Я отыскал в гардеробе чистые трусы с майкой, завернул их в вафельное полотенце, ломкое от крахмала, а потом, сам не знаю зачем, переложил отцову манерку из зимнего пальто в боковой карман плаща. Ничего, пусть поищет! Если бы не его настырная любовь к «троице», меня не заставили бы сегодня мерить все мое барахло!
Щелкнув «собачкой», чтобы не захлопнулась дверь, я направился в заводской душ.
На площадке возле перил краснолицый дядя Коля Черугин в полосатой пижаме, едва сходившейся на тугом волосатом животе, делал, отдуваясь, вечернюю гимнастику – от бессонницы, радикулита и давления: таблетки он называл химией и принципиально не принимал ничего, кроме аспирина и валерьянки. Дядя Коля, почти как «маленький лебедь», плавно поднимал и опускал руки, потряхивая кистями и шумно дыша. Перед работой он тоже всегда делает зарядку. Ласково-бодрый голос объявляет по радио: «Доброе утро, товарищи! Начинаем утреннюю гимнастику. Ноги – на ширине плеч, руки – на уровне груди, спина прямая…»
– Брал бы с соседа хороший пример! – говорит отцу Лида. – У тебя тоже давление!
– Мне без надобности. Я у себя на заводе еще обмашусь и упрыгаюсь! – возражает Тимофеич, он любит спорт только по телевизору, особенно футбол.
Увидев меня, дядя Коля заулыбался, кивнув на скатку:
– На помывку?
– Ага!
– Правильно. Чистота – залог здоровья! К Александре Ивановне загляни – не пожалеешь! А под Сусаниным твои листочки дожидаются. Трех героев тебе оторвал!
– Спасибо!
За высокой двустворчатой дверью с витой медной ручкой был еще один обитаемый закоулок общежития: три комнаты, а также кухонька с плитой и раковиной. Раньше мы жили здесь, в маленькой вытянутой каморке, напоминавшей из-за высокого потолка плоский аквариум. Единственное окно выходило в переулок, прямо на Жидовский дом. Но после рождения Сашки нам дали другую площадь – вдвое больше, а в нашу прежнюю переехала со второго этажа одинокая Серафима Николаевна из отдела контроля качества. Она никогда не расстается с книгой, даже если готовит еду. Вот и сейчас: помешивает что-то в кастрюле и читает, не отрываясь. Сослуживицы и подруги, включая Лиду, все время хотят выдать ее замуж, но она, смеясь, отказывается, мол, не хочу отвлекаться от чтения, это гораздо интереснее, чем мужчины.

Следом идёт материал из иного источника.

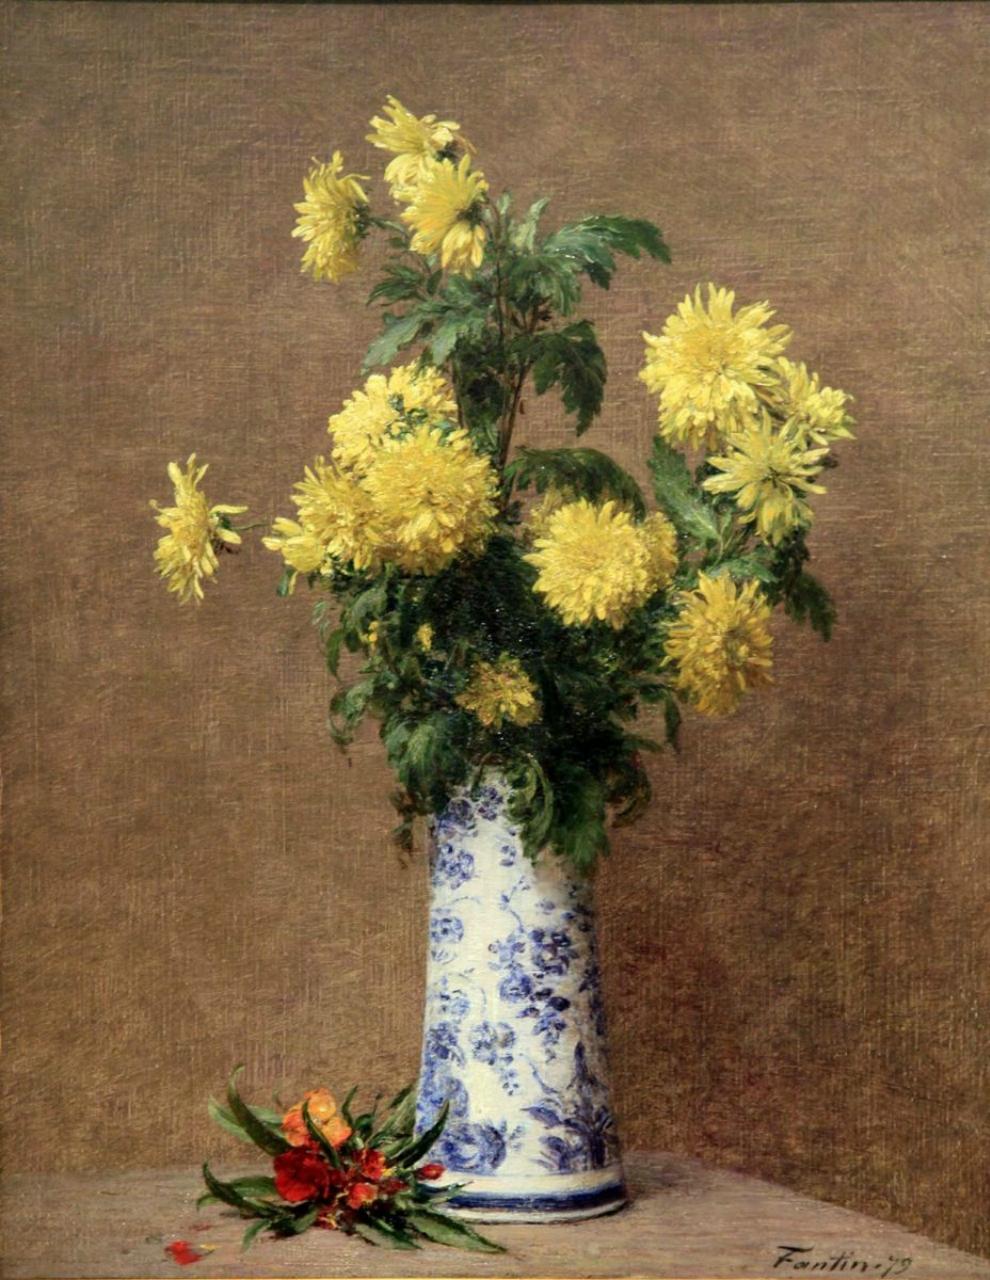 Анри Фантен-Латур. Желтые хризантемы.

– Добрый вечер, Серафима Николаевна!
– Здравствуй, Юрочка! – отозвалась она, уткнувшись в книгу.
– Что читаете?
– «Три Дюма».
– Ого! А почему три?
– Ну как же: Дюма-дед, Дюма-отец, Дюма-сын.
– А «Три мушкетера» кто из них написал?
– Дюма-отец.
– Дадите потом почитать?
– Тебе еще рановато…
Если взрослые говорят: «Тебе еще рано», – значит книга и вправду стоящая.
– А я на Черное море послезавтра уезжаю!
– Счастливец! – ответила она таким голосом, что стало ясно: все курорты и пляжи Серафима Николаевна, не задумываясь, отдаст за одну хорошую книгу.
Слева от входа живет старуха Алексевна. Имени ее никто не помнит. Она «сумашечая» – так выражаются, если человек еще не окончательно спятил, став полноценным сумасшедшим, но уже явно «тронулся», вызывая озабоченность врачей и общественности. Когда-то она работала на заводе мойщицей, а потом сбрендила. Обычно дверь ее комнаты приоткрыта, чтобы мог свободно заходить черный кот Цыган и чтобы можно было вовремя обнаружить угрозу. На улицу Алексевна не выходит, опасаясь нападения. Обо всем, что творится снаружи, она подробно расспрашивает Цыгана, питающегося голубями. Я иногда бегаю на Бакунинскую купить ей батон и бутылку молока, ничего другого она не ест. Но, честно говоря, стараюсь делать это пореже. Во-первых, Алексевна всегда очень долго отсчитывает деньги, так как в ее кошельке новые, старые и дореволюционные монеты перемешаны. Однажды она по ошибке вручила мне металлический рубль с профилем царя, я рассмотрел изображение и с неохотой вернул денежку. Во-вторых, хлеб ей всегда кажется черствым, а молоко вчерашним. В-третьих, Алексевна, принимая продукты, долго и нудно расспрашивает, какие подозрительные лица попались мне по пути туда и обратно. А главное – не видел ли я черный воронок с решетками на окнах… Какой напасти она постоянно ждет, никто не понимает, даже врачи.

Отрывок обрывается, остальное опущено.